Muffiny mnie zachwycają.
Za każdym razem.
Lubię patrzeć jak rosną w górę.
1 szkl. mleka
1/2 szkl. oleju
kilka kropel aromatu waniliowego (pominęłam)
1 jajko
2 szkl. mąki tortowej
1/3 szkl. cukru
2 łyżeczki proszku do pieczenia
szczypta soli
1 szkl. i 2 łyżki aronii
Wymieszać mleko, olej, aromat i jajko.
Do mieszanki wrzucić mąkę, cukier, proszek do pieczenia, sól i mieszać aż wszystko się połączy.
Do ciasta wsypać aronię i zamieszać delikatnie.
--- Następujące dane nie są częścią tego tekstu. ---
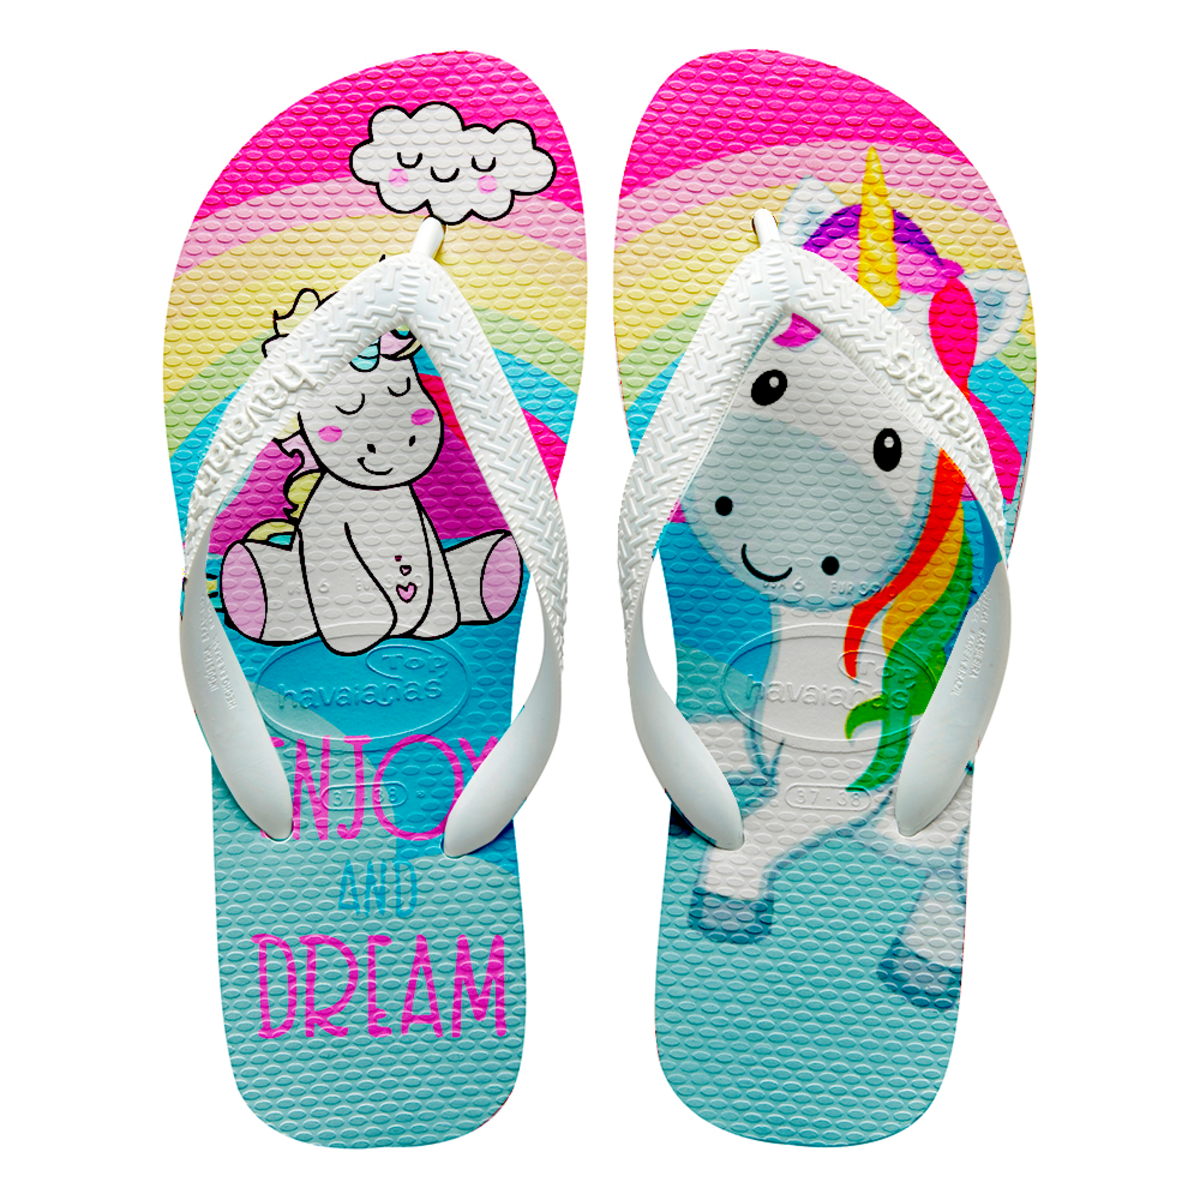 f4ca5cfdca Chinelos havaianas personalizado unicornio no Elo7

Wypełnić papilotki do 2/3 wysokości.
Piekarnik nagrzać do 200 st.C i piec 20min.
Wyszło mi 11 muffinek.
I u mnie muffiny – ale nie tak cudownie lekkie i letnie…;)
Wyglądają bardzo kusząco. Często je teraz robię, nie ma nic lepszego niż babeczki z sezonowymi owocami.
Dusiu!
też zawsze obserwuję, jak ciasto czy babeczki pną się ku górze po ściankach formy.
a kiedy wyjmuję je z pieca, jaka radośc panuje w około.
och, piękne muffinki dziś
serwujesz ;]
Piękne, a z tym serduchem, w sam raz dla kogoś bliskiego -)
Cudowne muffiny. Uwielbiam takie 🙂
wspaniałe te serduszka na wykałaczce… maksymalnie romantyczne 🙂
mm.. muffiny są pyszne 🙂 ostatnio robiłam z jagodami, teraz jadę z wizytą do cioci więc może upichcę jej twoje z borówkami 😀
mniam!
Ojejej, jakie słodziaki 🙂
Moje ulubione borowki i do tego w muffinkach, mniam!
też lubię muffinki, ale za to, że roi się je niezwykle szybko! i do tego są takie pyszne 😀
ja tam też się gapię na rosnące muffiny.
one są niezastąpione!
Muffinów nie da się nie lubić, są po prostu urocze 🙂
Świetnie je udekorowałaś :))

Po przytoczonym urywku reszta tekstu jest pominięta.